## Data
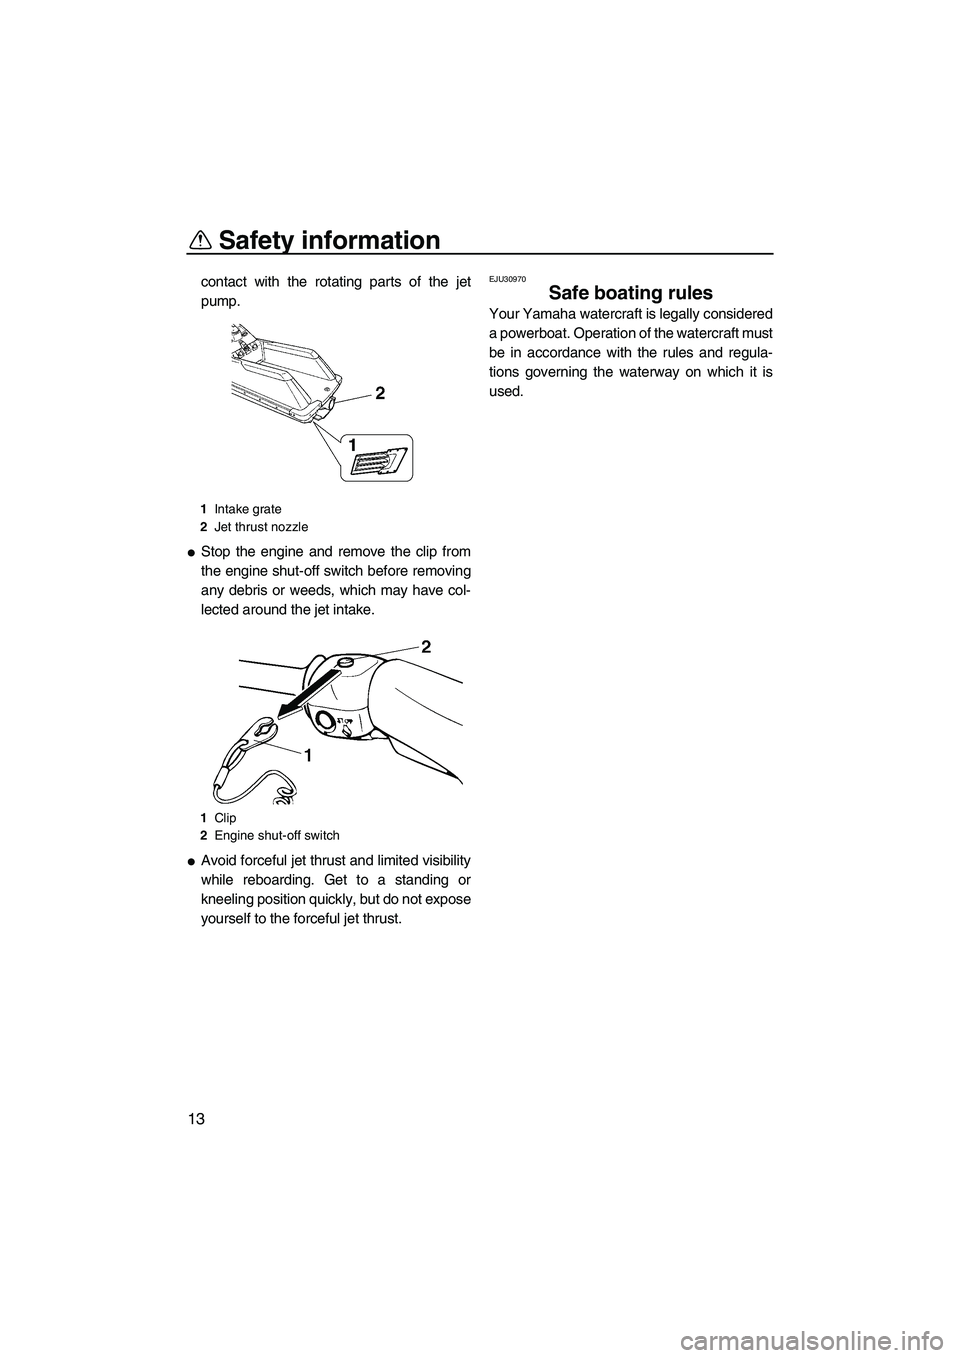 YAMAHA SUPERJET 2008 User Guide Safety information
13
contact with the rotating parts of the jet
pump.
Stop the engine and remove the clip from
the engine shut-off switch before removing
any debris or weeds, which may have col-
lec
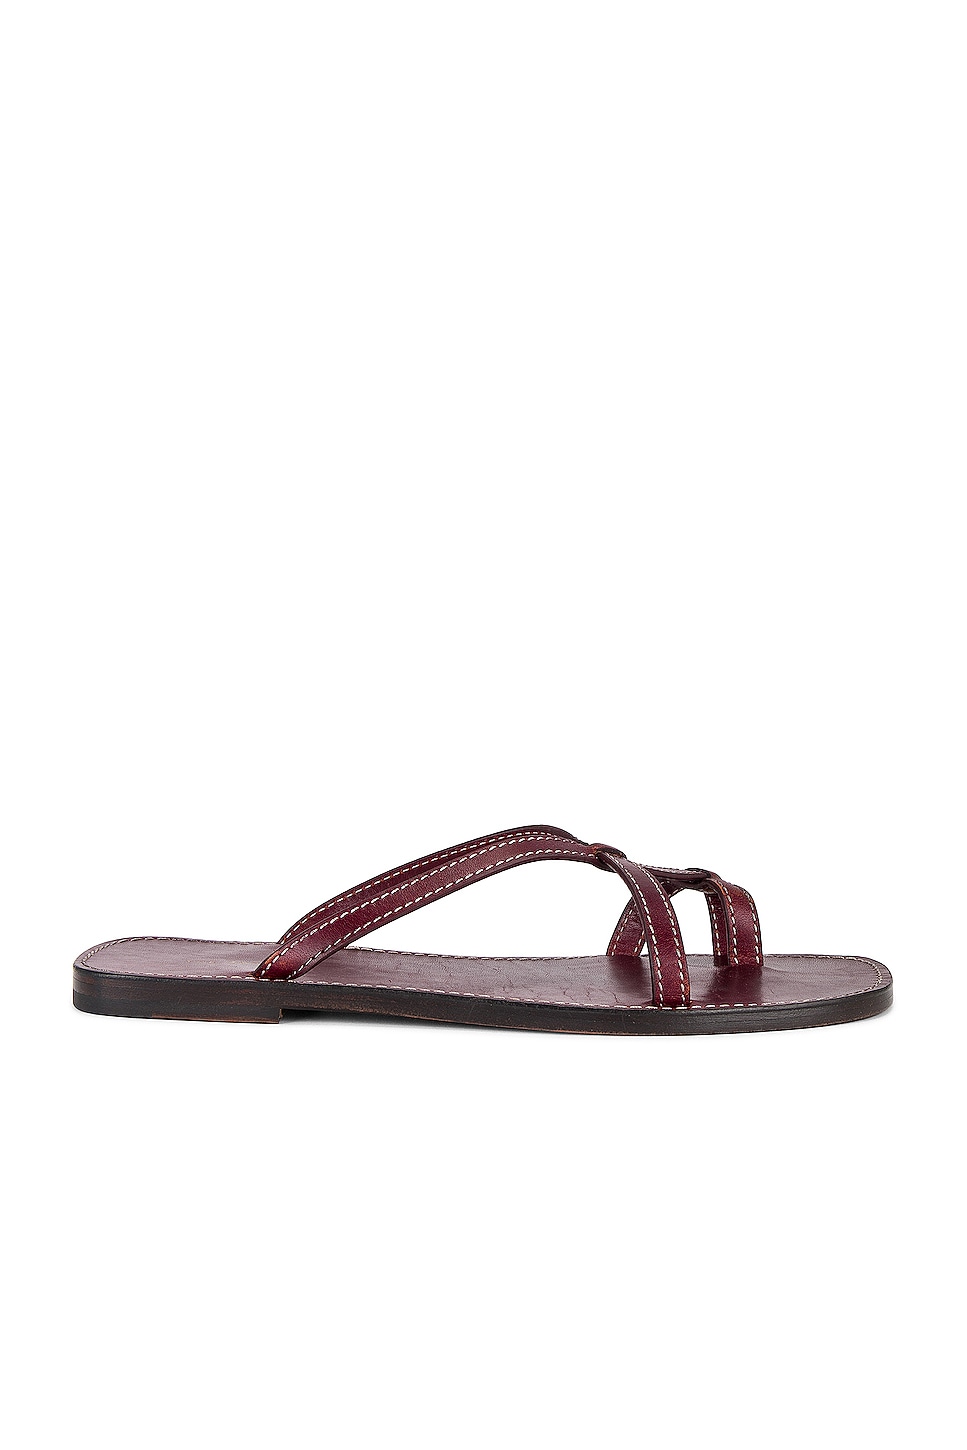 Image 1 of The Row Link Sandal in FRAMBOISE
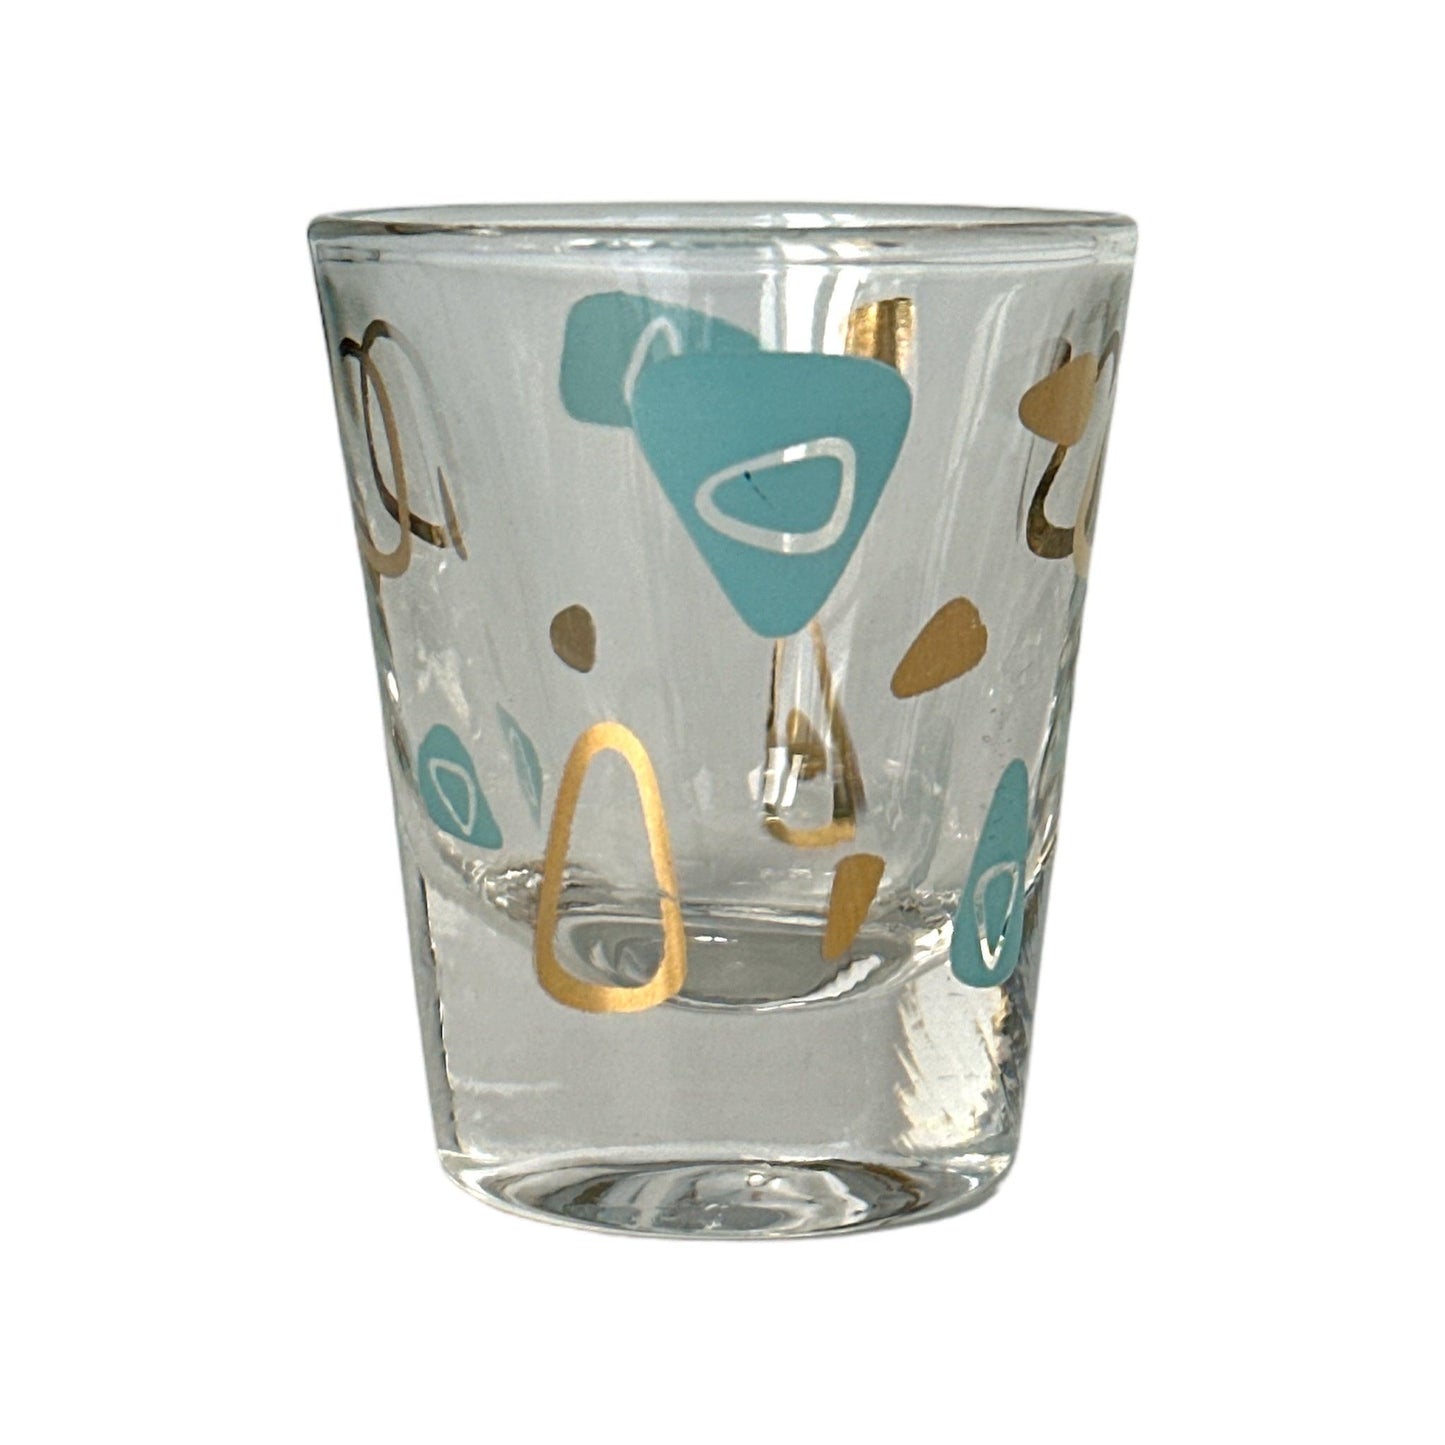 Federal Glass Mid-Century Turquoise Gold Amoeba Boomerang Atomic Shot Glass - Vintage Collectible Cocktail Glass
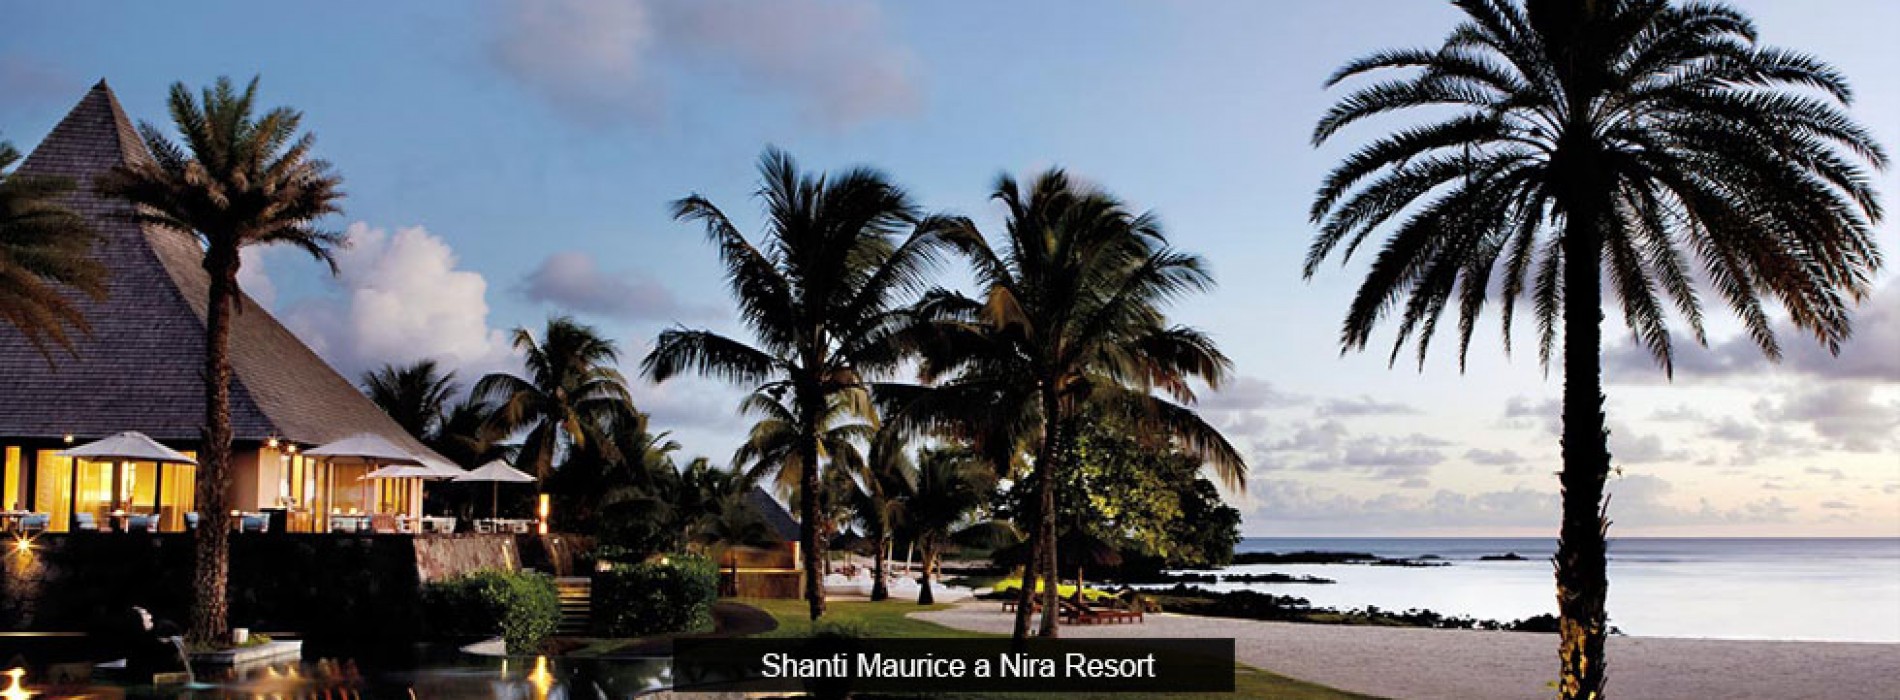 Best Luxury Resorts to Stay in Mauritius

## Aim of the exercise
When copying the material, leave every image behind and keep each line verbatim.

## Answer to this exercise
 YAMAHA SUPERJET 2008 User Guide Safety information
13
contact with the rotating parts of the jet
pump.
Stop the engine and remove the clip from
the engine shut-off switch before removing
any debris or weeds, which may have col-
lec
 Image 1 of The Row Link Sandal in FRAMBOISE
 Federal Glass Mid-Century Turquoise Gold Amoeba Boomerang Atomic Shot Glass - Vintage Collectible Cocktail Glass
 Best Luxury Resorts to Stay in Mauritius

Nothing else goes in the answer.